Publicado por Frei João de Araújo Santiago | 07/11/2020 - 09:36

XXXII Domingo do Tempo Comum - (Mateus 25, 1-13)

- “Então o Reino dos céus será semelhante a dez virgens, que saíram com suas lâmpadas ao encontro do esposo” (v. 1).

A vida humana, o nosso peregrinar nesta terra entre tantos sonhos, projetos, afazeres, circunstâncias, realizações, será sempre como um noivado, como uma saída para uma grande novidade, como uma ida para um maior encontro, como um desfecho, um ir ao encontro do esposo, queira ou não. Oxalá, vivamos a vida como um caminhar rumo a uma realização de tudo aquilo que desejamos de bom, de bonito e do mais verdadeiro que possa existir: adentrar nos aposentos do esposo, o nosso Deus.  

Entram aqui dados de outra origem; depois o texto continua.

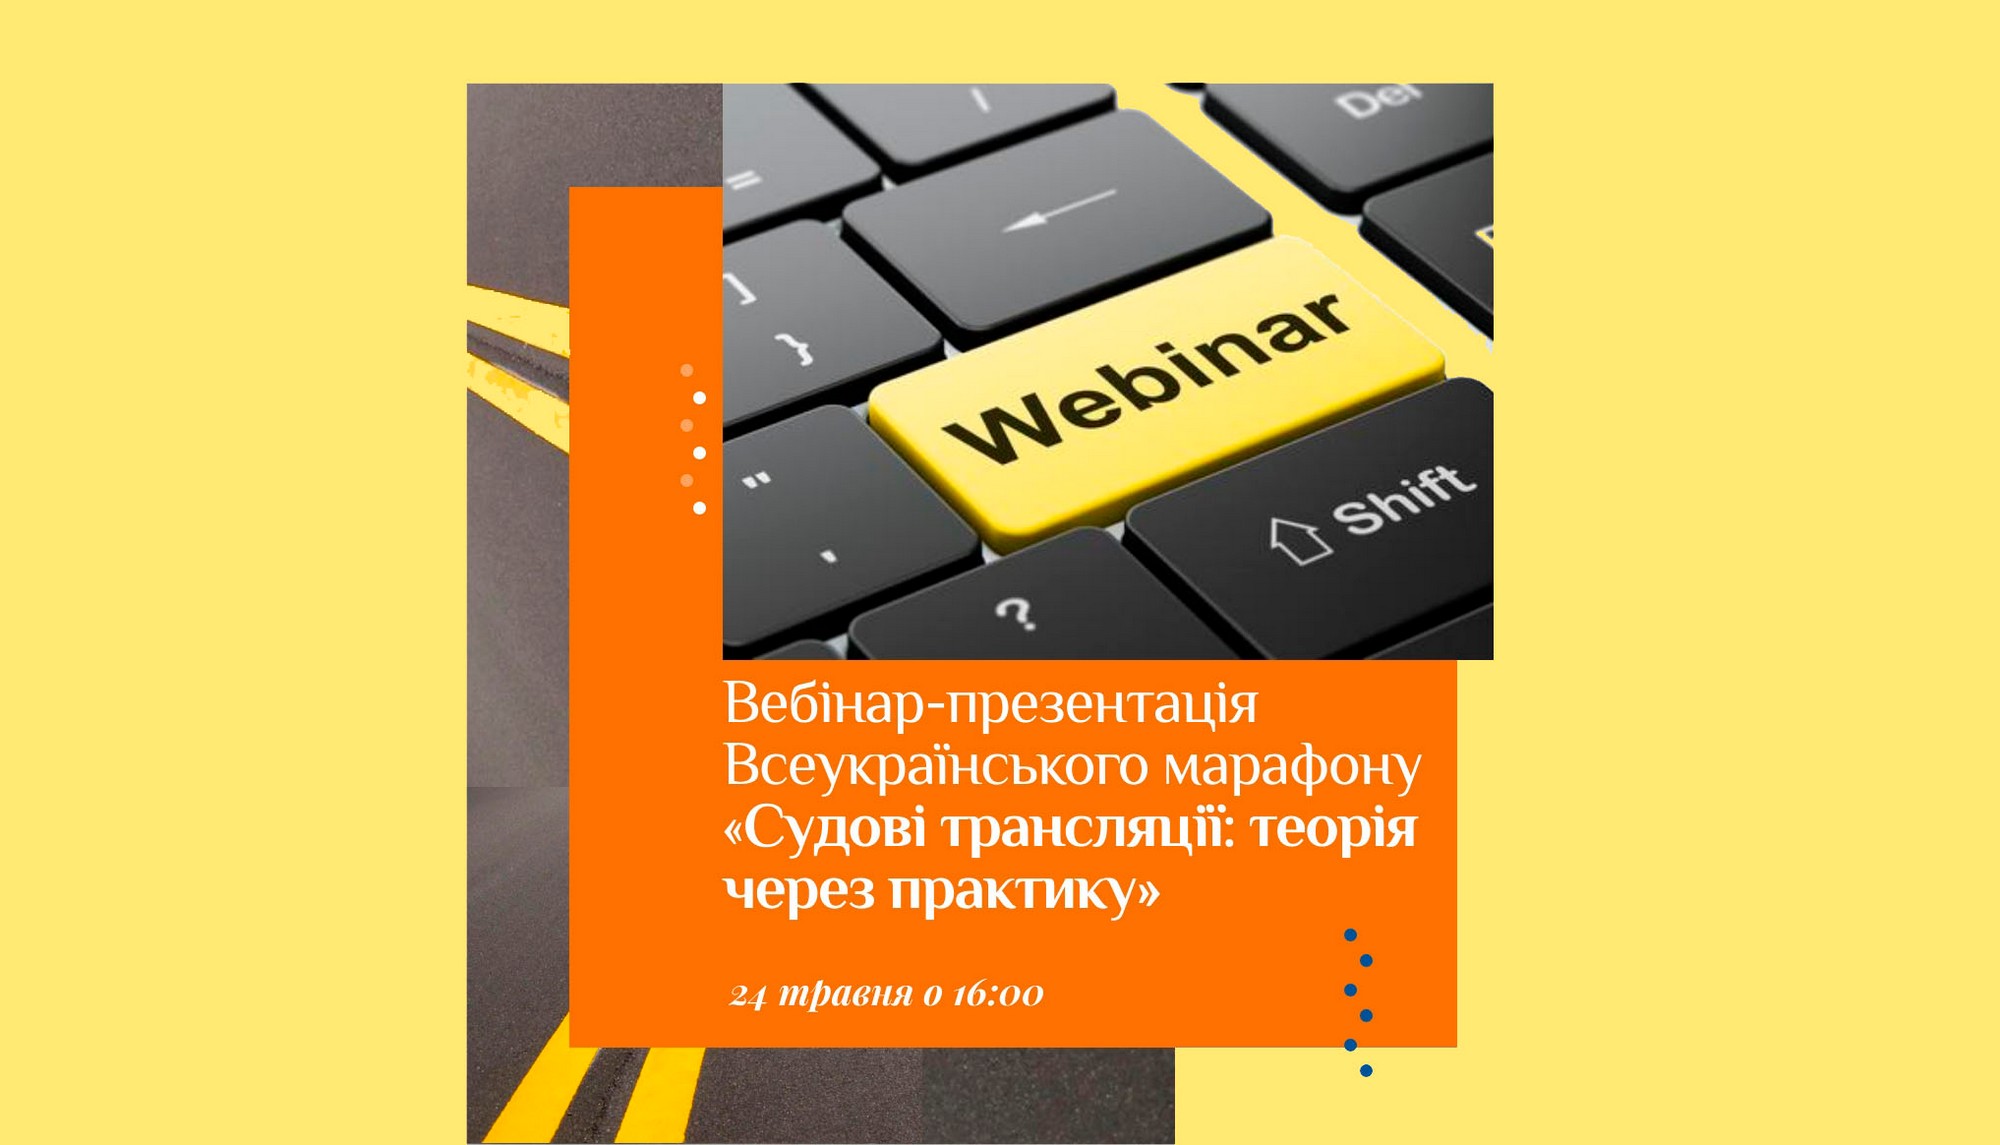 Запрошуємо на вебінар-презентацію Всеукраїнського марафону «Судові трансляції: теорія через практику»

- “Cinco dentre elas eram tolas e cinco, prudentes” (v. 2). Tolas somos quando não fazemos a vontade do Pai, quando somos preguiçosos no espírito, vivemos em apatia, sem bom empenho na vida, quando traímos a nós mesmos e aos irmãos. Cf. Mt 7, 21). Prudentes somos quando vigiamos a fim de que nossos bens não sejam roubados, quando nos empenhamos com afinco em realizar a vontade do Pai, nosso desejo mais íntimo. Cf. Mt 25, 34-36.

 - “Tomando suas lâmpadas, as tolas não levaram óleo consigo. As prudentes, todavia, levaram de reserva vasos de óleo junto com as lâmpadas” (vv. 3-4).

A lâmpada sou eu mesmo no meu corpo. Quando meu corpo é cheio de Espírito Santo, cheio de amor, de boas práticas, eu estou iluminado, e estarei sempre iluminado. Vale lembrar que o decisivo não é tanto o encontro final, mas se eu, agora, tenho reserva de óleo comigo. O encontro com o esposo pode acontecer, mas vai depender de como eu estou indo, a partir de agora, ao encontro.  Perguntemo-nos: estou indo com sabedoria ou não, com óleo ou não?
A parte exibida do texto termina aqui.